▶ _Exercise aim_
Please transcribe the data exactly as shown, skipping the images.

▶ _Source data_
◆ ◆ ◆ ◆

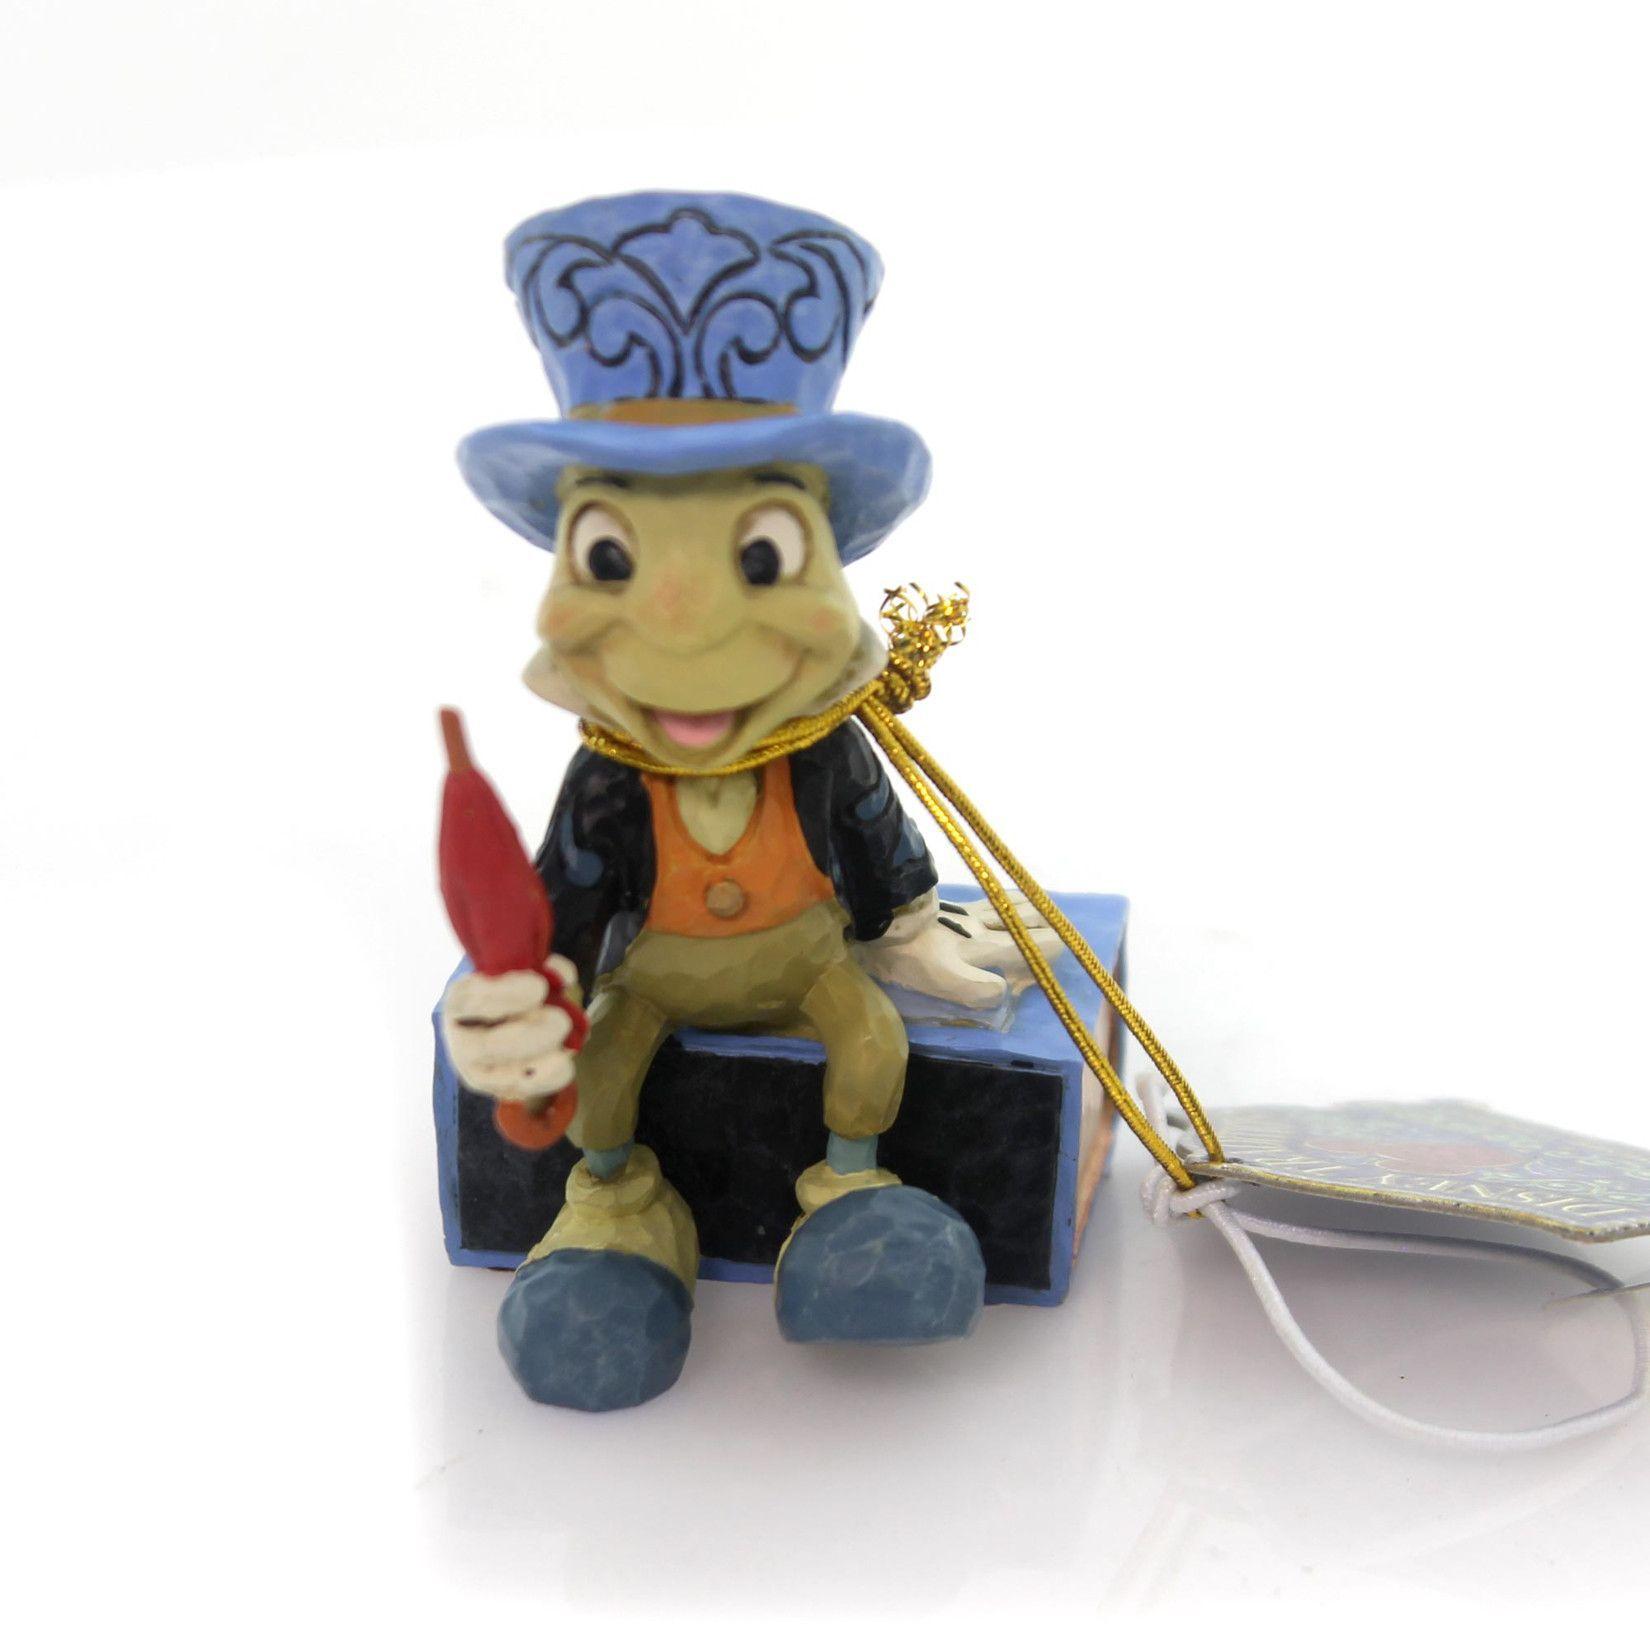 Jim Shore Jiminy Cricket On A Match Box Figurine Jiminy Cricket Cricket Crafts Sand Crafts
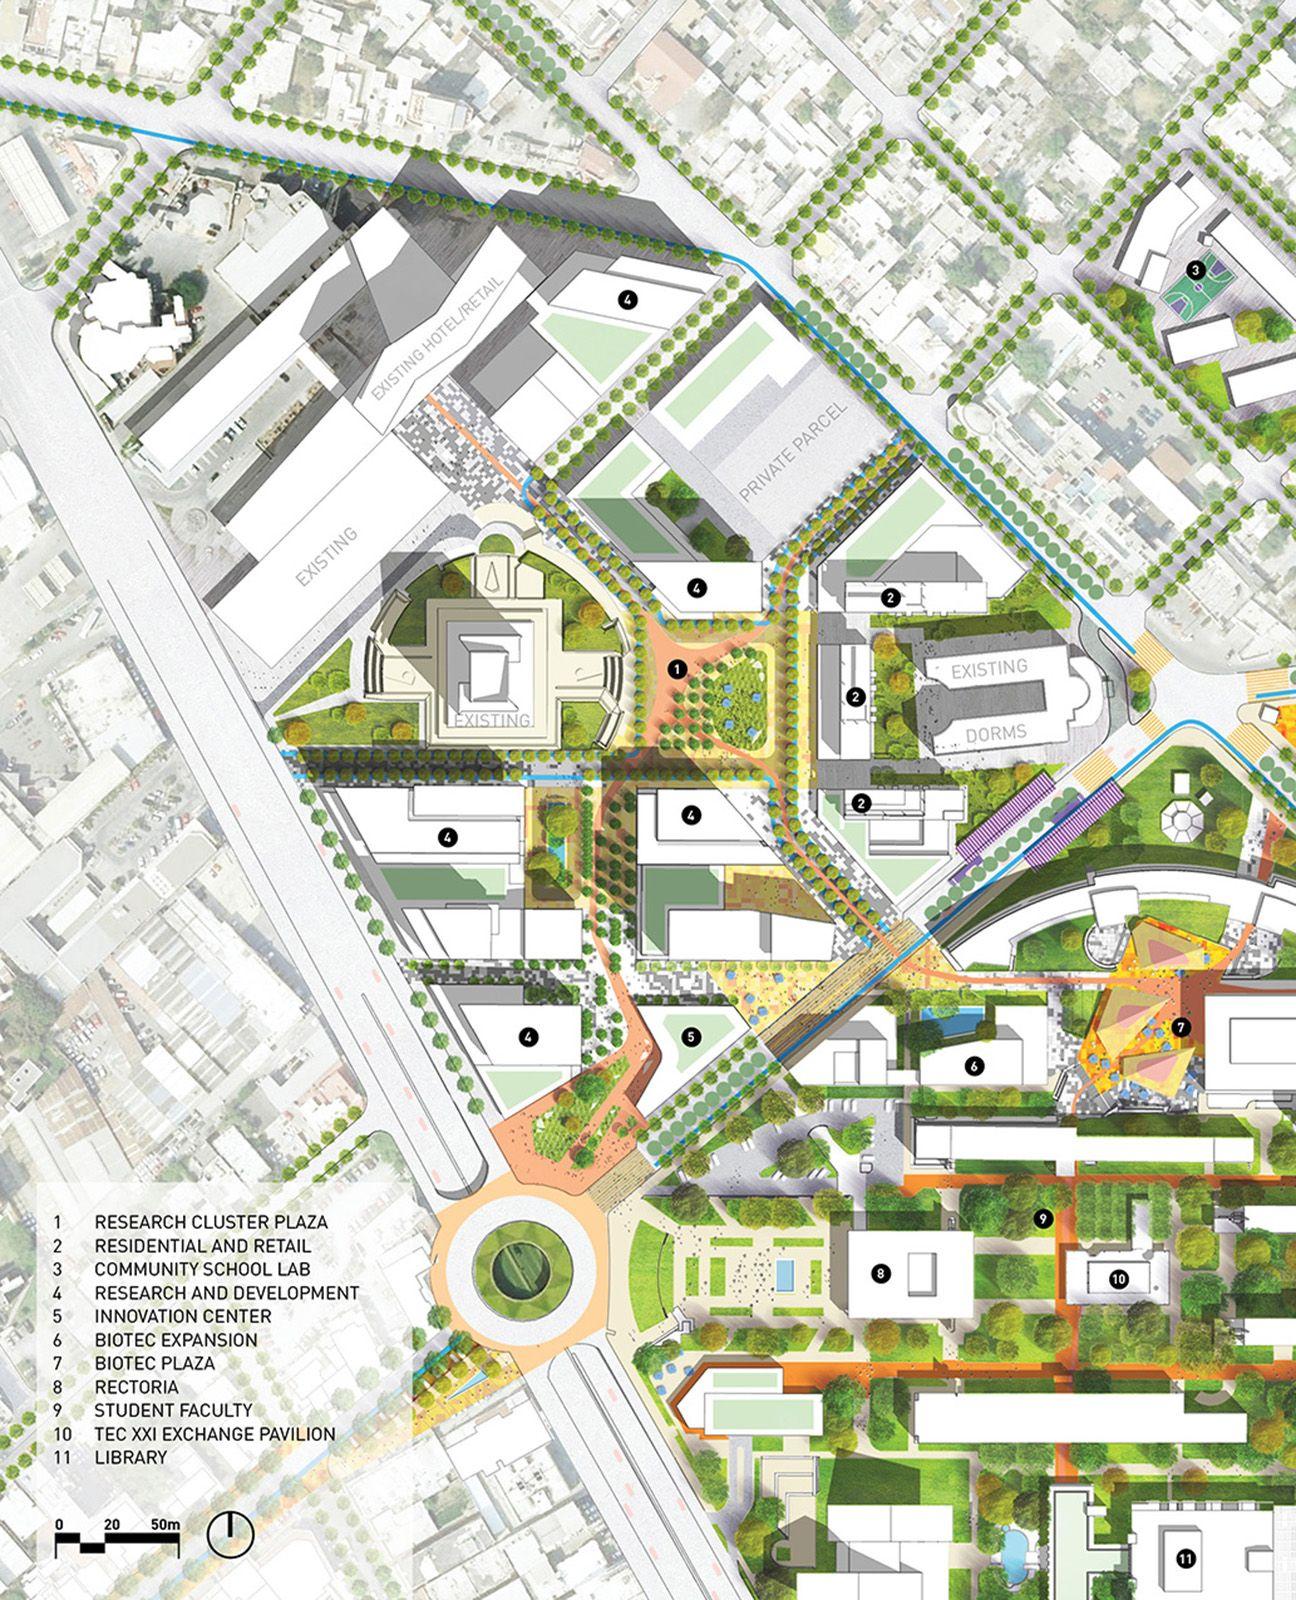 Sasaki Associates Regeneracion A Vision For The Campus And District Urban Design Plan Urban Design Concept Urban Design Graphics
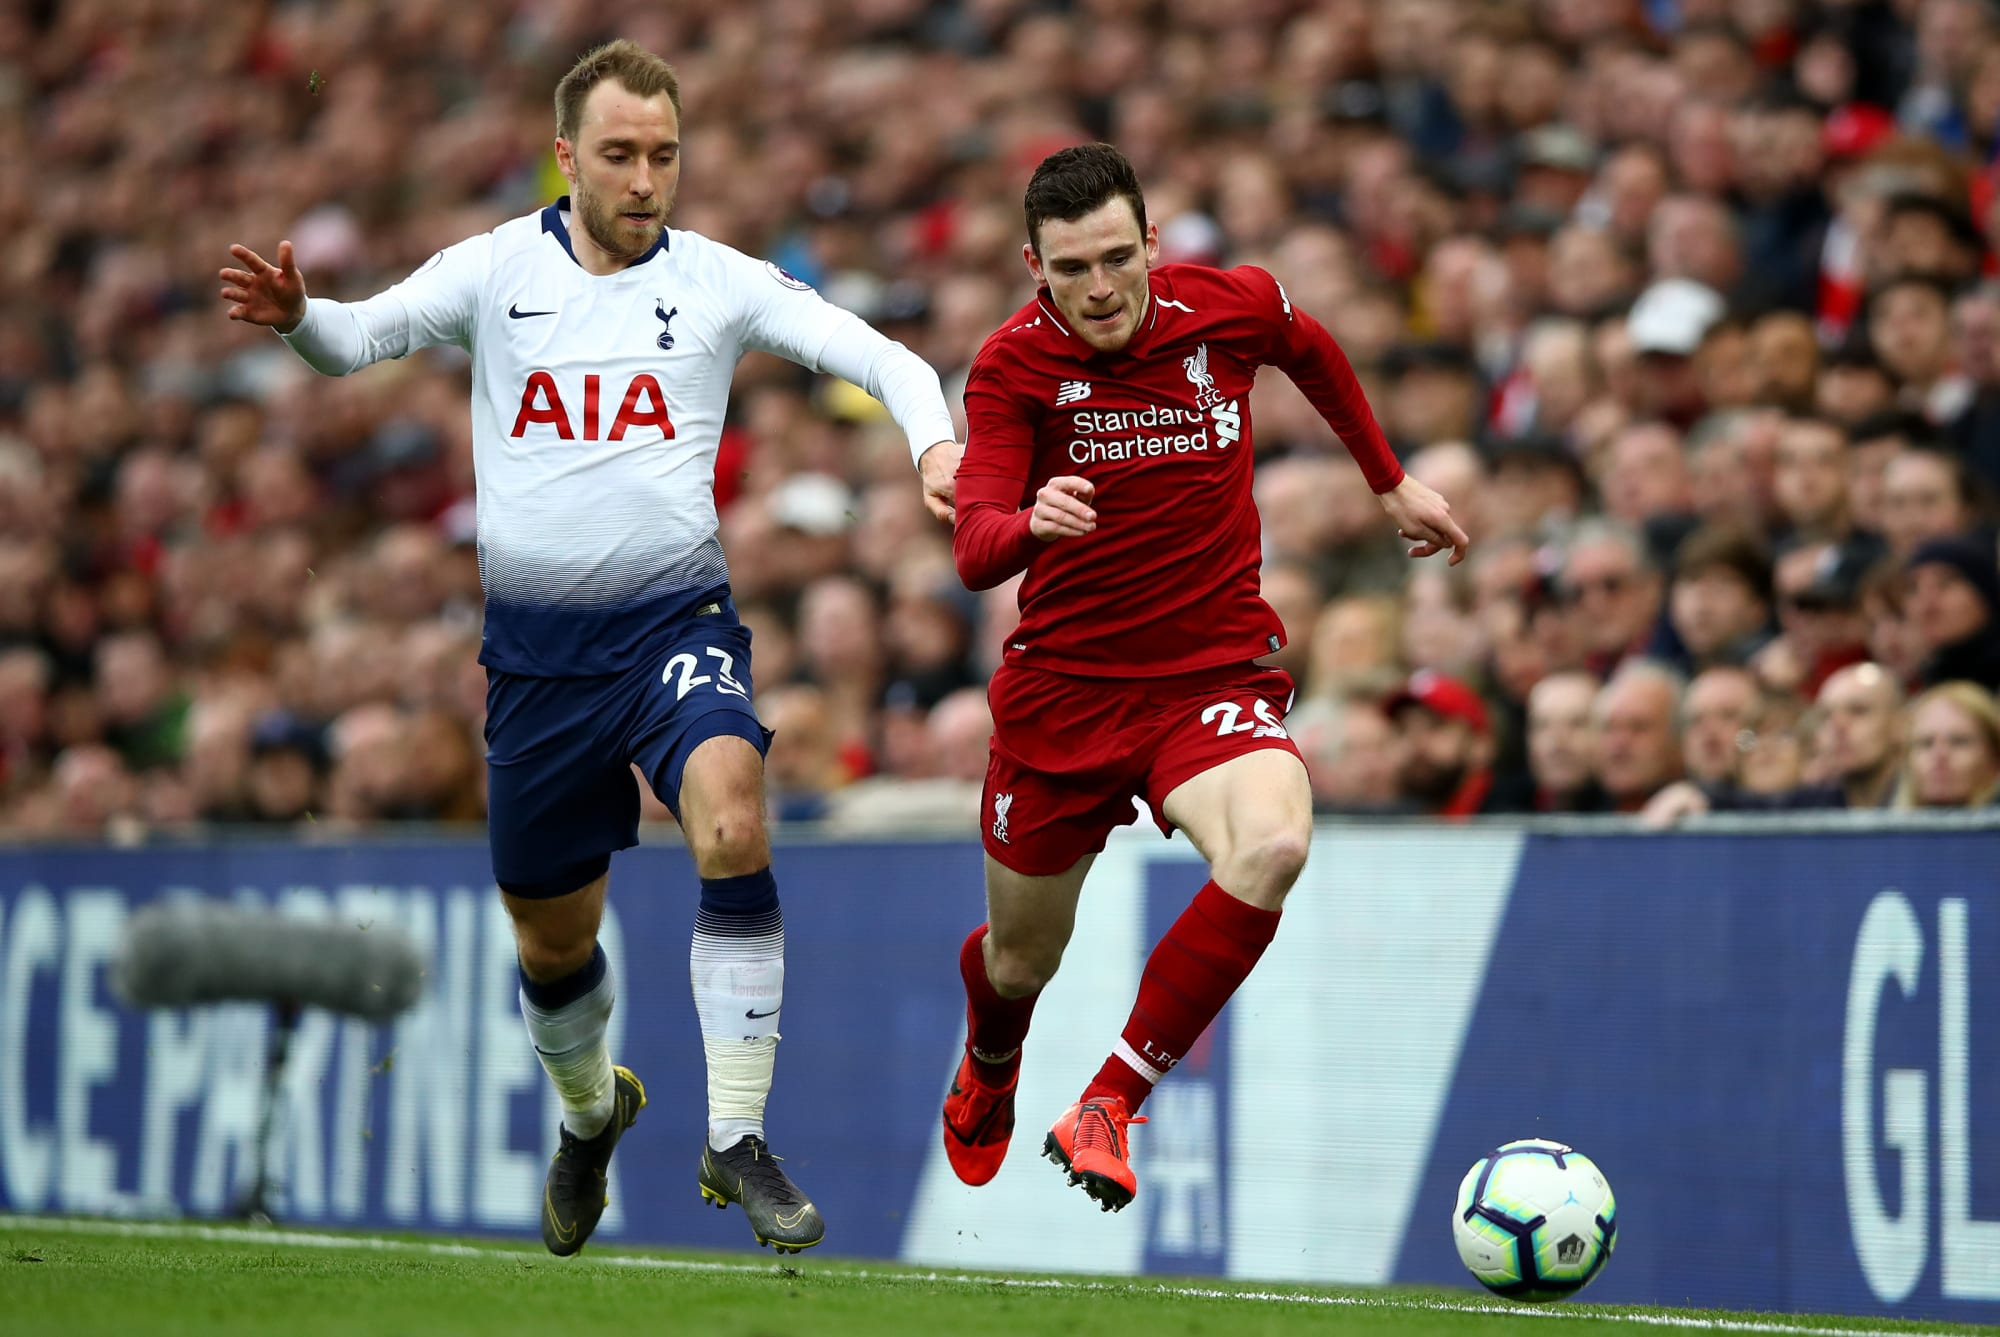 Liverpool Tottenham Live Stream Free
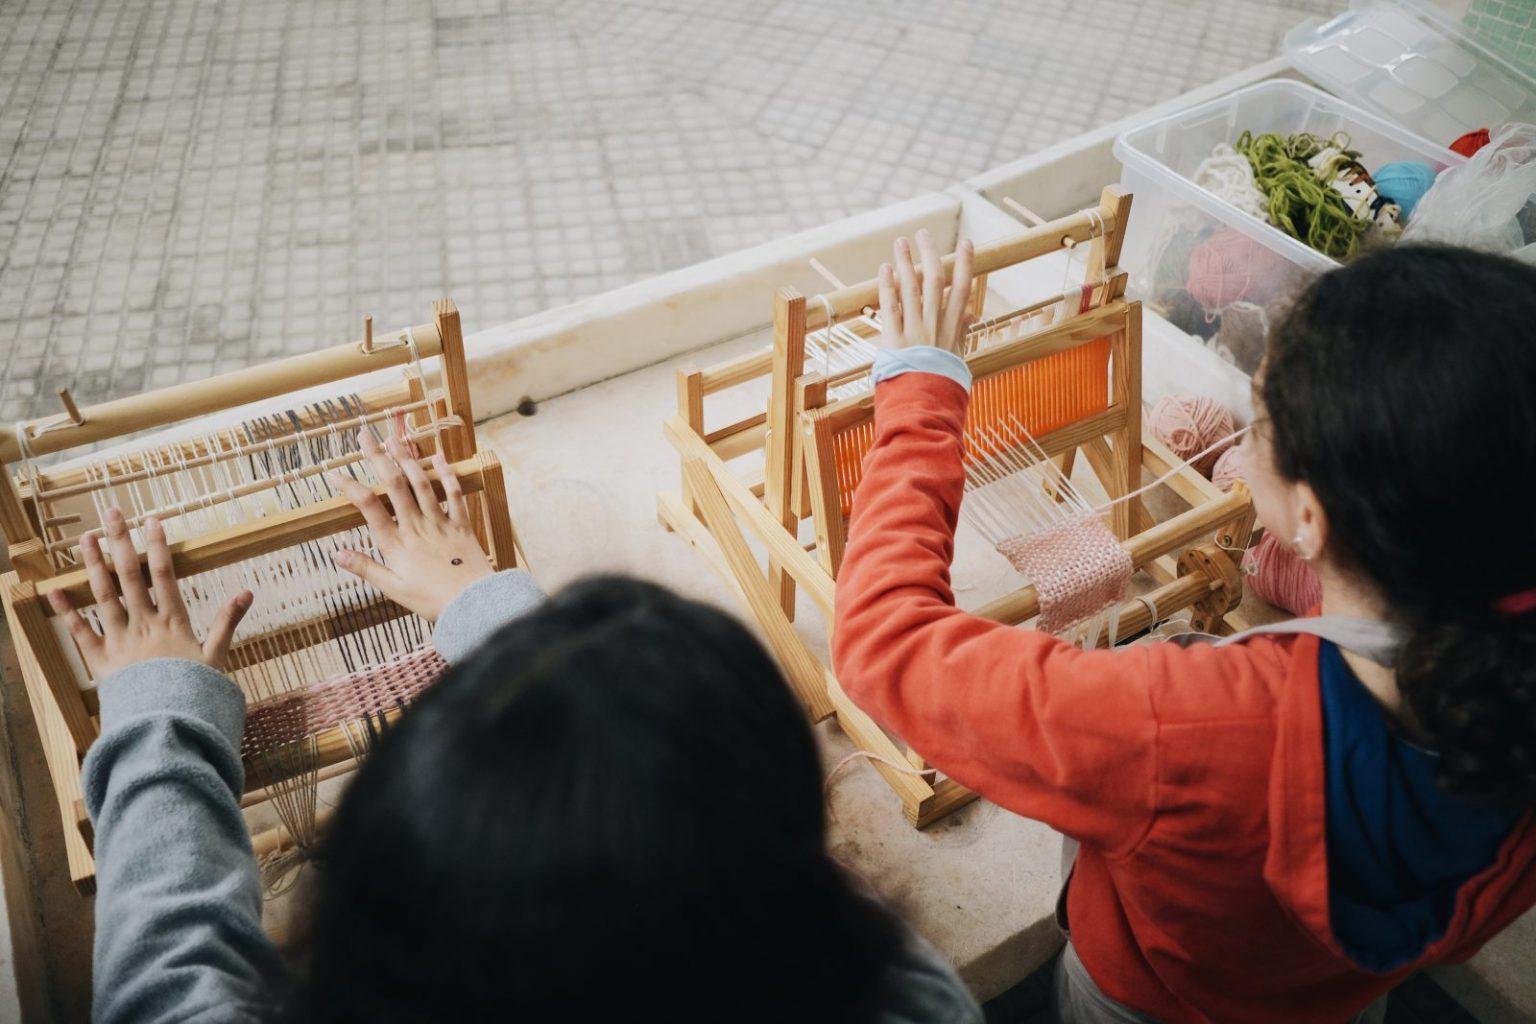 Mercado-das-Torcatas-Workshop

◆ ◆ ◆ ◆

▶ _Output of the exercise_
 Jim Shore Jiminy Cricket On A Match Box Figurine Jiminy Cricket Cricket Crafts Sand Crafts
 Sasaki Associates Regeneracion A Vision For The Campus And District Urban Design Plan Urban Design Concept Urban Design Graphics
 Liverpool Tottenham Live Stream Free
 Mercado-das-Torcatas-Workshop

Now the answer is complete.